La agflación no es el único factor de presión sobre el nivel general de precios. A eso se agregan los cuellos de botella provocados por la fuerte expansión de la demanda, que en una economía con altísimo grado de concentración (ver nota de tapa) completa un marco propicio para que se exacerben los comportamientos oligopólicos que anteponen la remarcación al aumento de la oferta y de las inversiones.

Además de sus variantes y combinaciones semánticas, la palabra inflación suele requerir de adjetivos. Por ejemplo, está la inflación manifiesta pero también se puede hablar de inflación reprimida, cuando como ocurre desde hace unos años hay precios congelados por la intervención del Estado, ya sea con el uso de la persuasión política como en el caso de los combustibles, por imperio de la ley como en gas y electricidad, o al costo de subsidios compensatorios como en el transporte público.
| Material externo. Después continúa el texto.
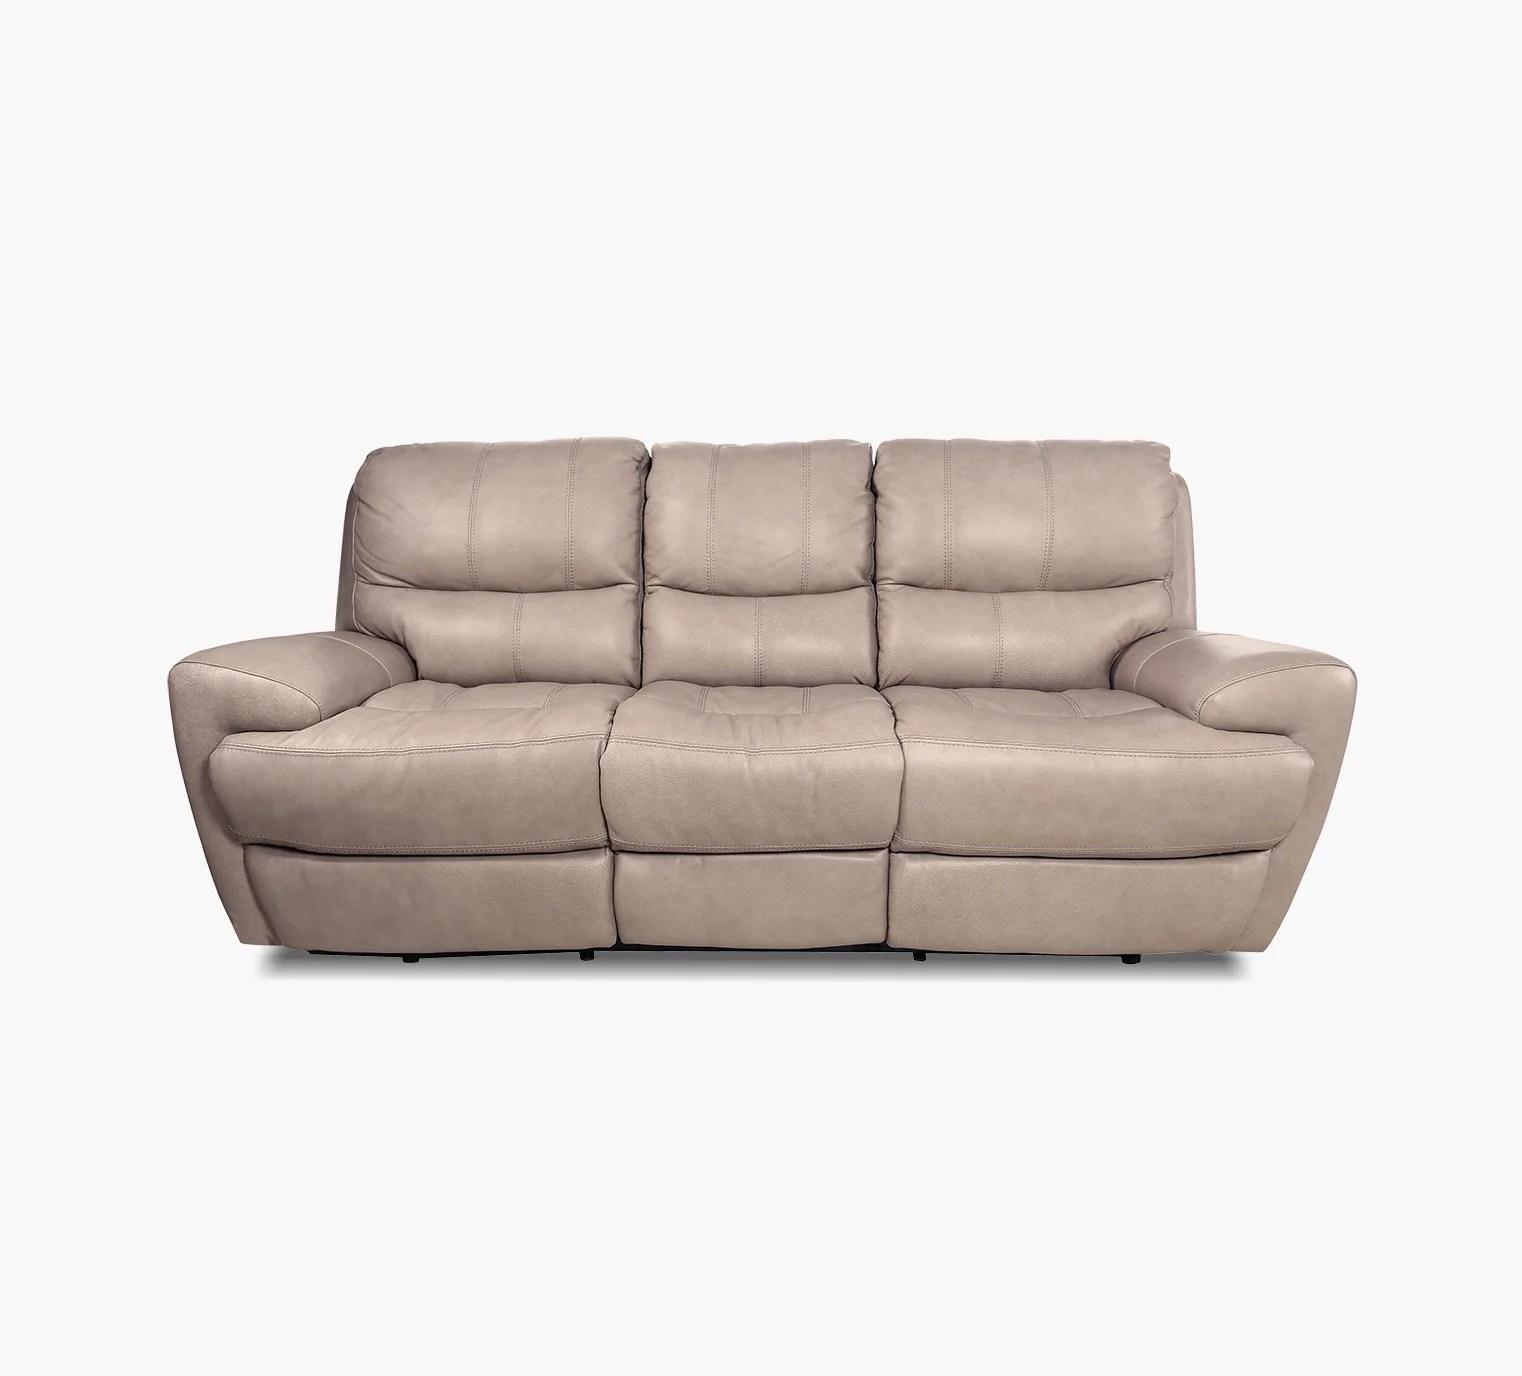 Iris Pebble Leather Power Reclining Sofa With Power Headrest
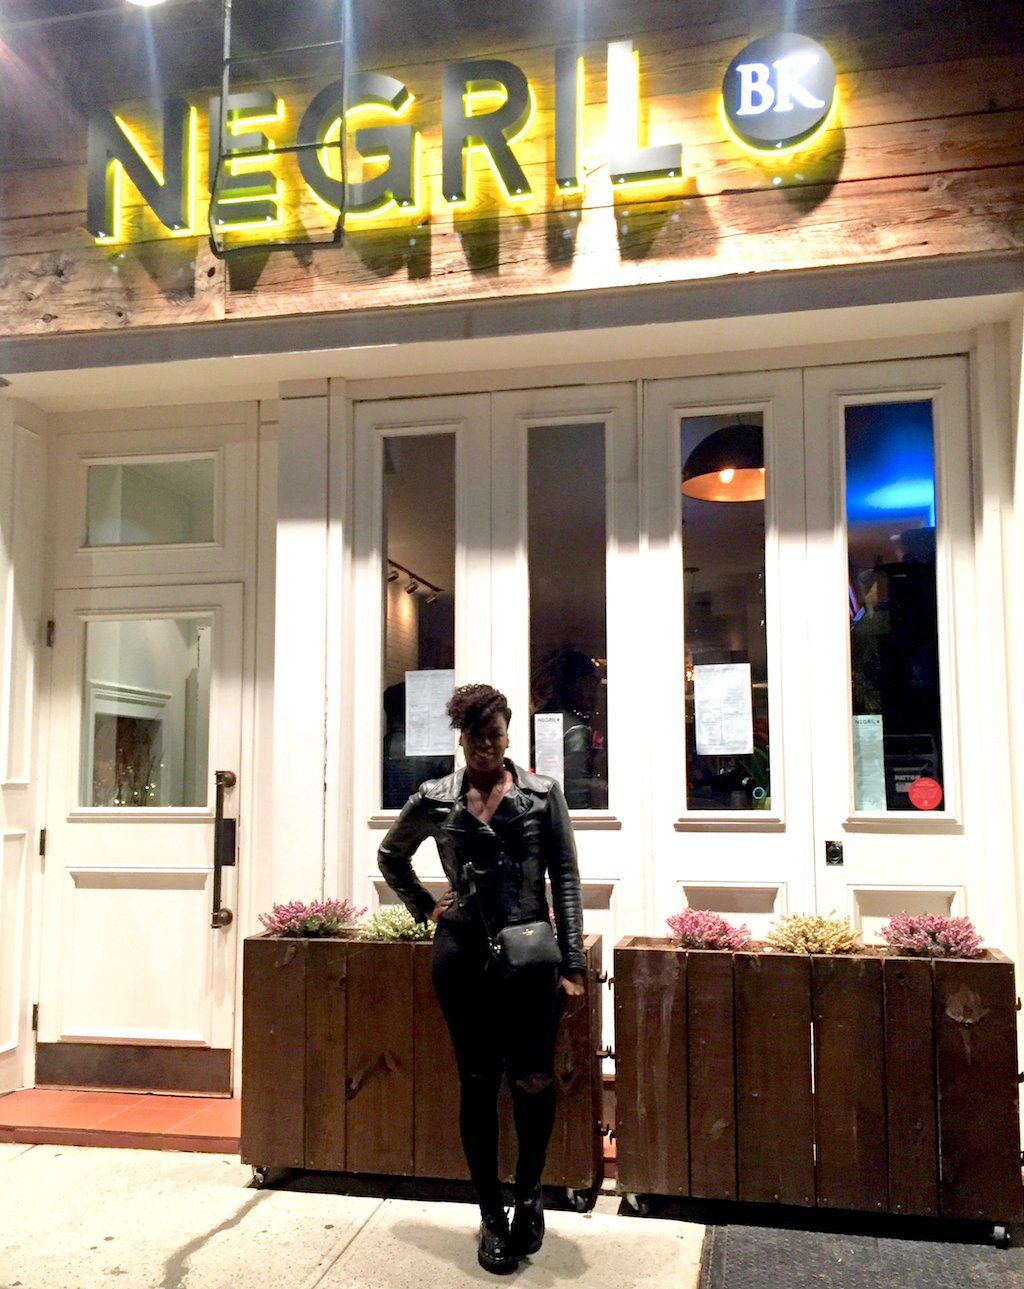 Negril BK Review

La manera de enfrentar la situación ha dado lugar a un debate cada vez más intenso, donde se cruzan posiciones de las más diversas. Pero en lo que a esta altura coinciden todos salvo unos pocos cruzados es en que el problema no se resuelve maquillando la realidad. La torpe manipulación de los datos incita a que cualquier información del IndeK sea interpretada en ese sentido. Por ejemplo: mientras en la medición del costo de vida el capítulo Alimentos y Bebidas aumentó según el IndeK 0,1 por ciento en mayo y 4,7 por ciento en lo que va del año, para el mismo Indek los precios en los supermercados subieron 3,1 y 9,7 por ciento, respectivamente. Como señala Miguel Olivera en su blog, “si de por medio no estuviera la manipulación del índice diría simplemente que los supermercados recuperaron los precios perdidos en el segundo semestre del año pasado”. Pero la manipulación está. Y es esa manipulación el caldo de cultivo para las suspicacias. Incluso para interpretaciones técnicamente incorrectas para confirmar que hay una inflación oficial diferente de la real. Otros dos adjetivos para la palabra maldita.